## Your objective
For this exercise, write out the full listing that follows exactly and skip its pictures.

## Dataset excerpt
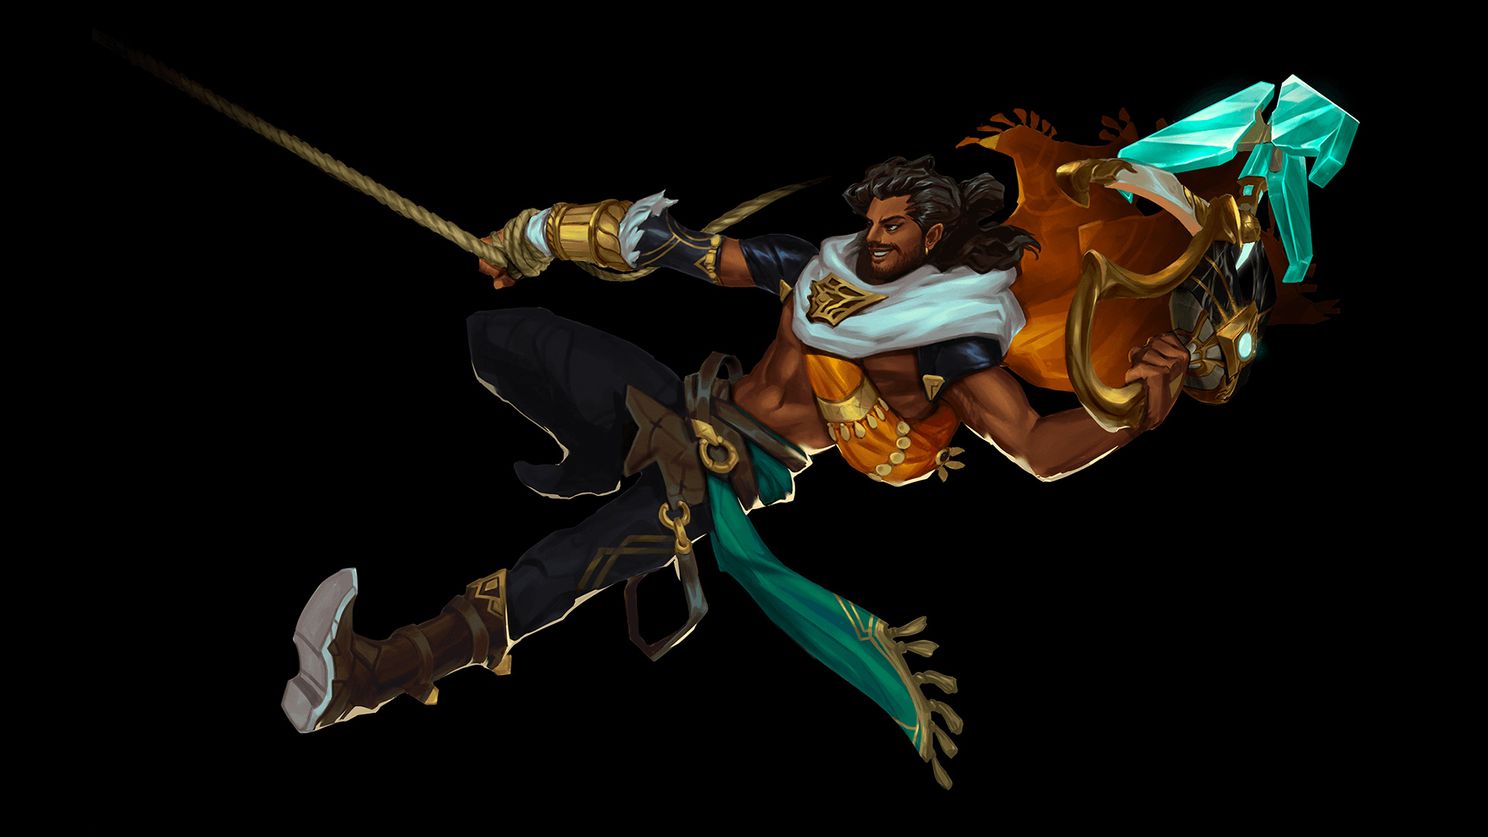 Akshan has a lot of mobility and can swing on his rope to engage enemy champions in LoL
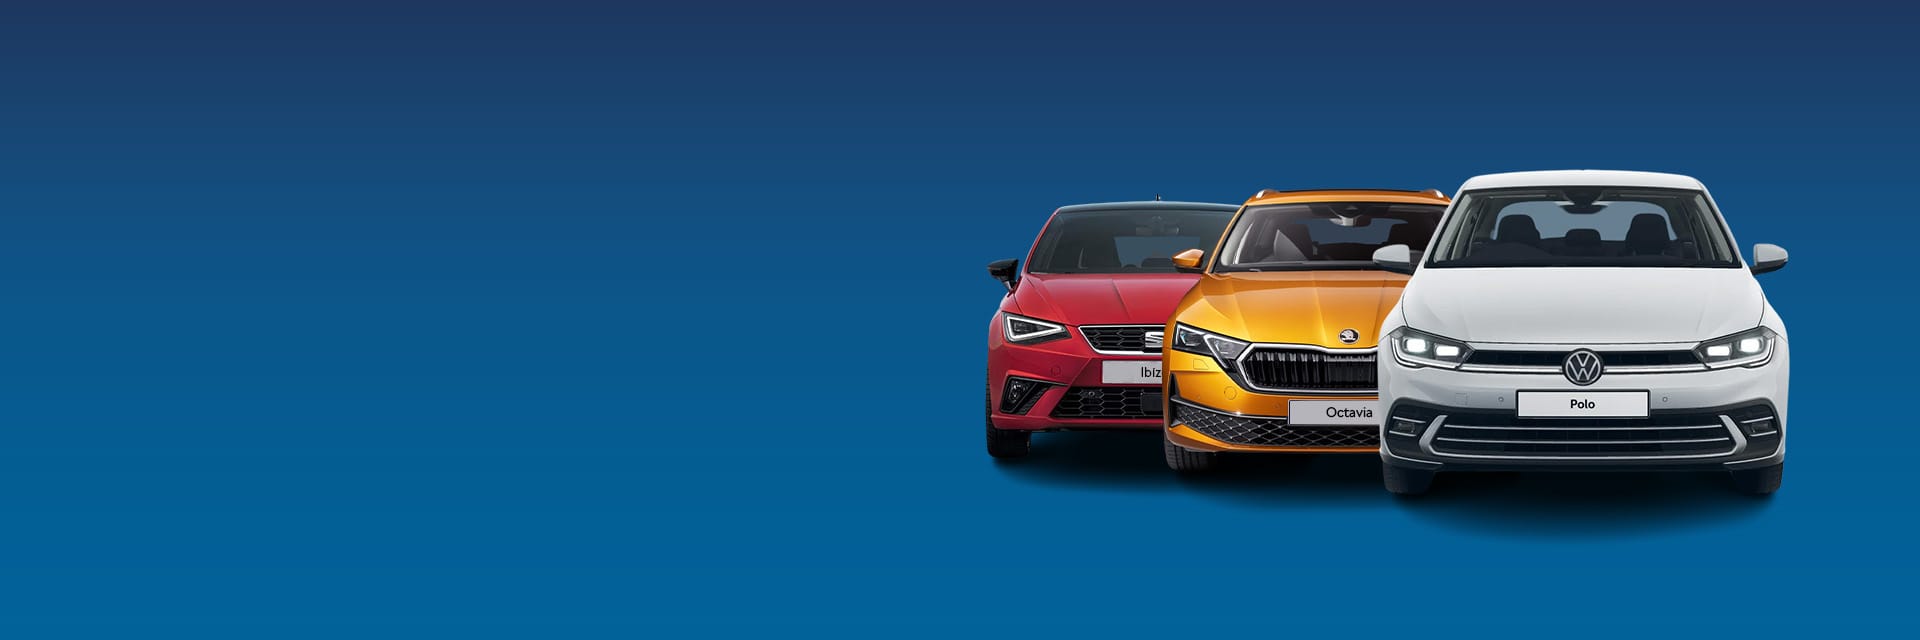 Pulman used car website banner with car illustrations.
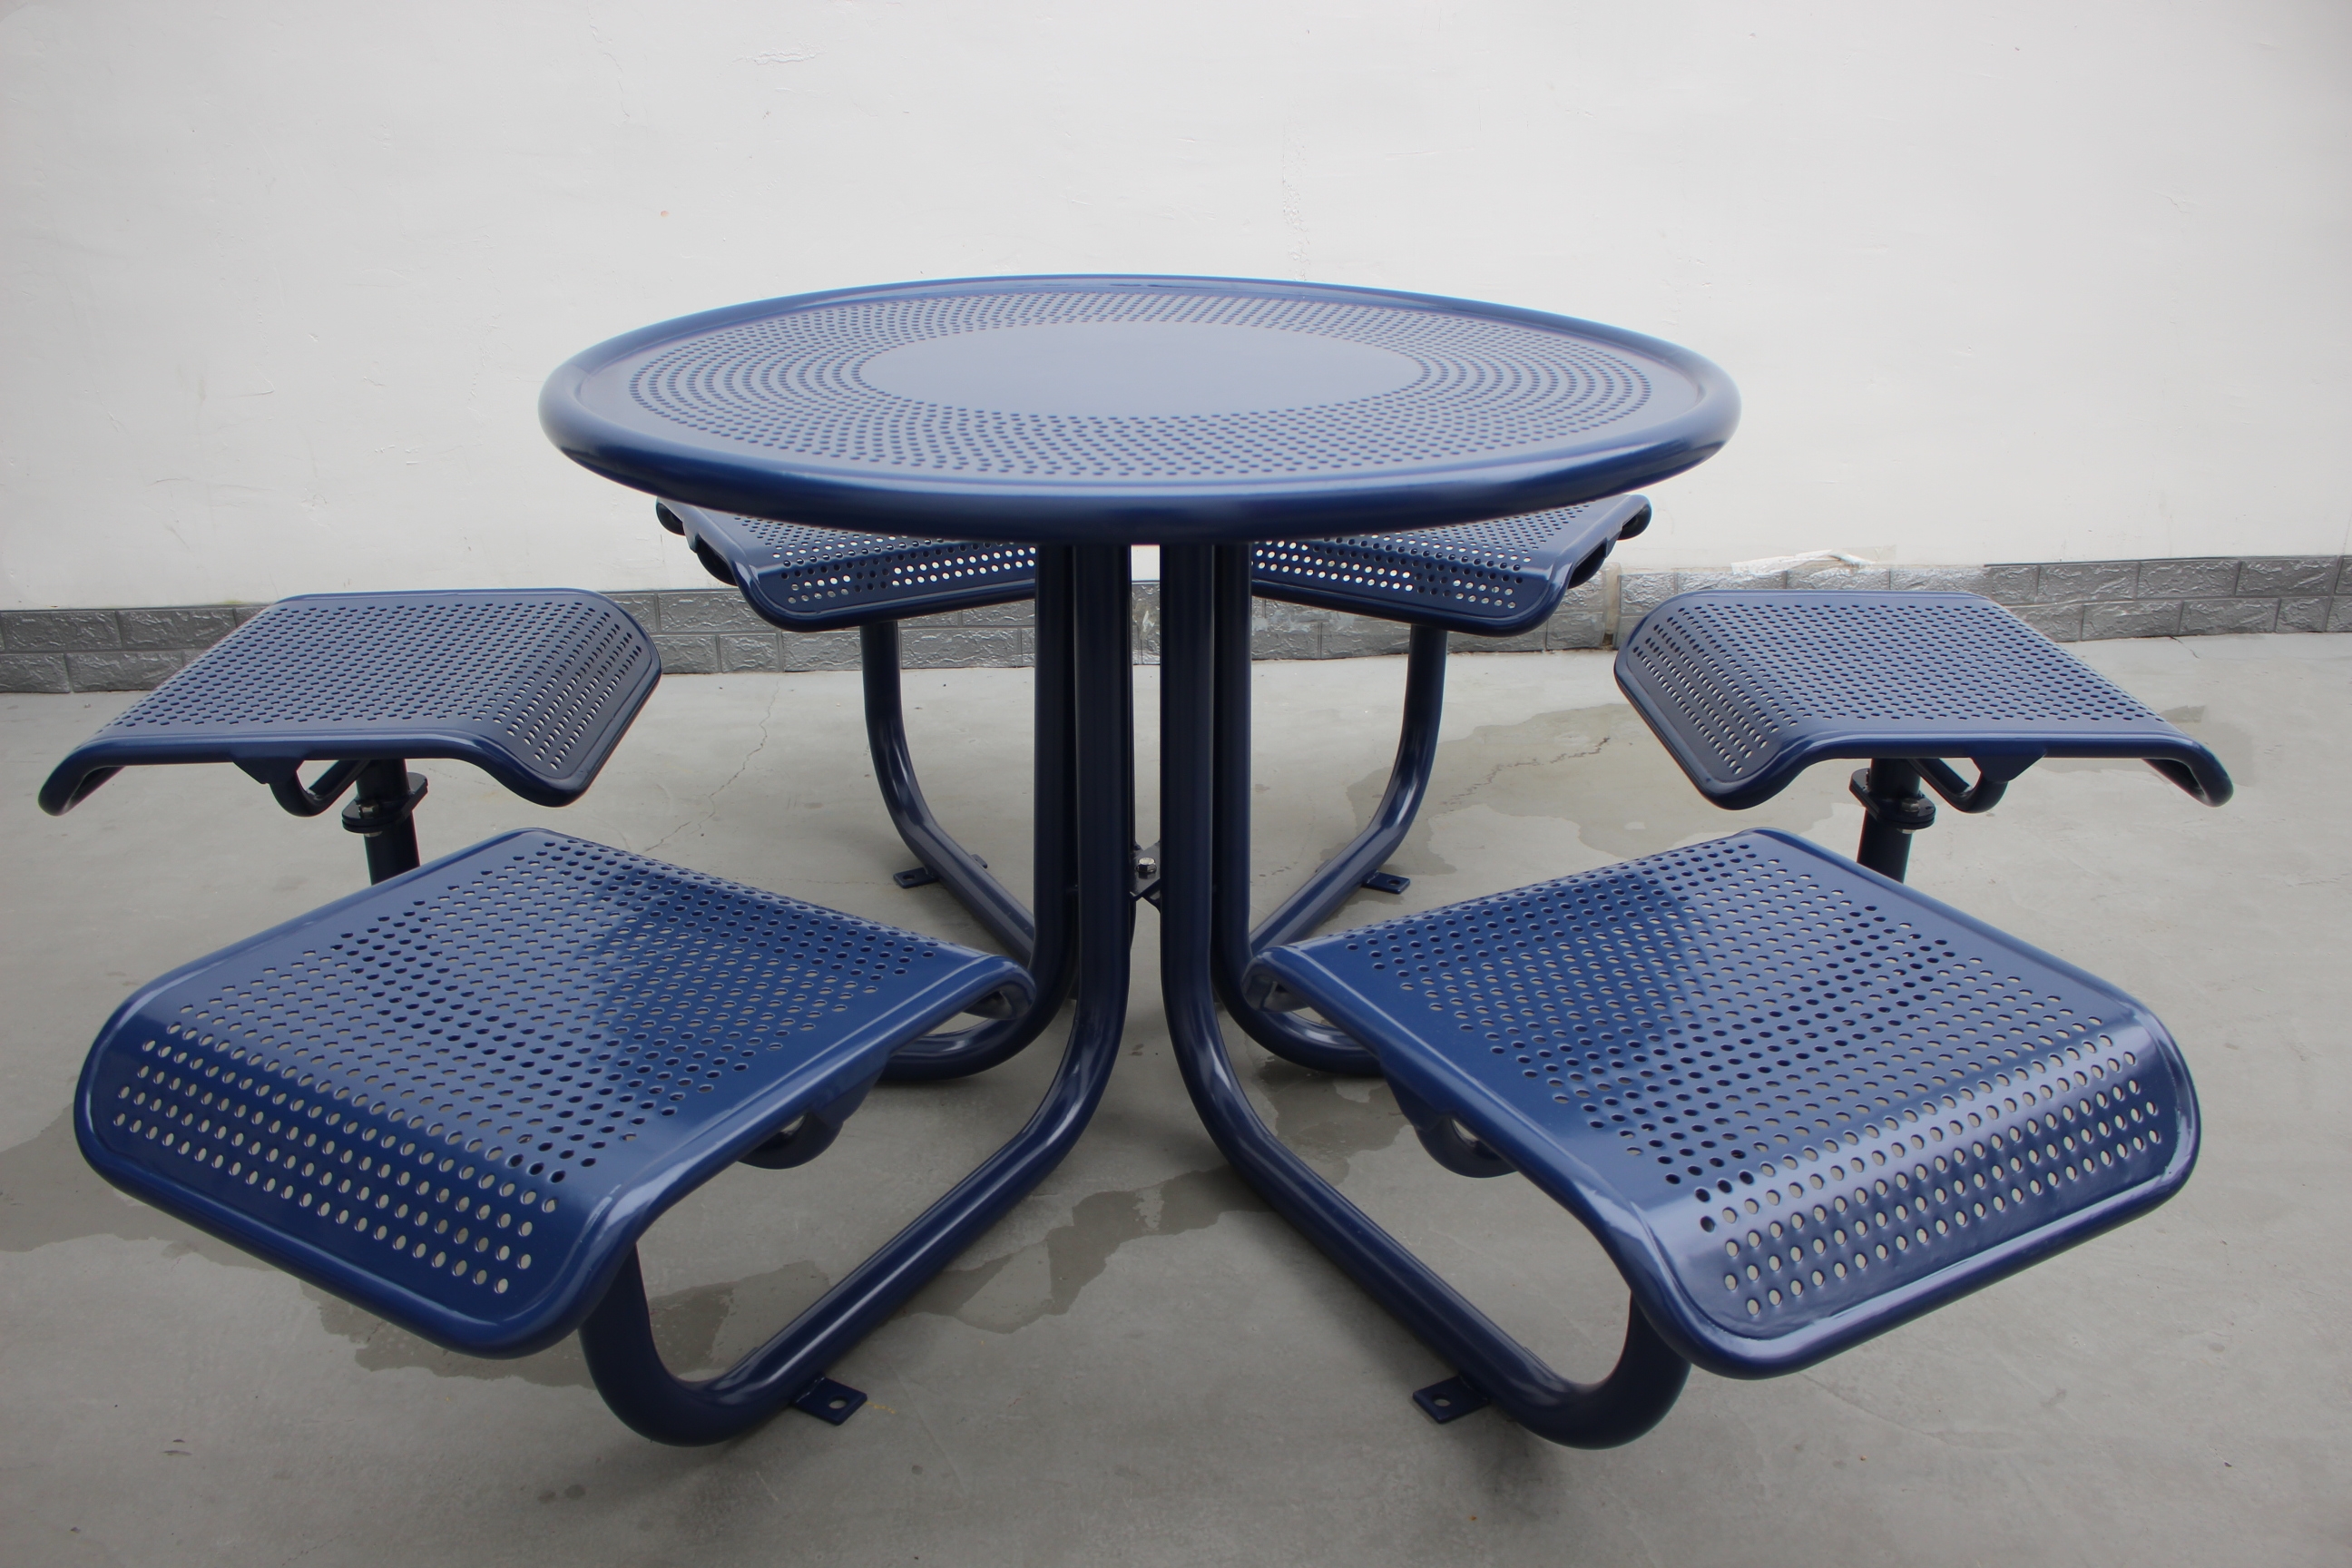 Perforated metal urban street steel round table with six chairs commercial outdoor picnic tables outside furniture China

## Answer section
 Akshan has a lot of mobility and can swing on his rope to engage enemy champions in LoL
 Pulman used car website banner with car illustrations.
 Perforated metal urban street steel round table with six chairs commercial outdoor picnic tables outside furniture China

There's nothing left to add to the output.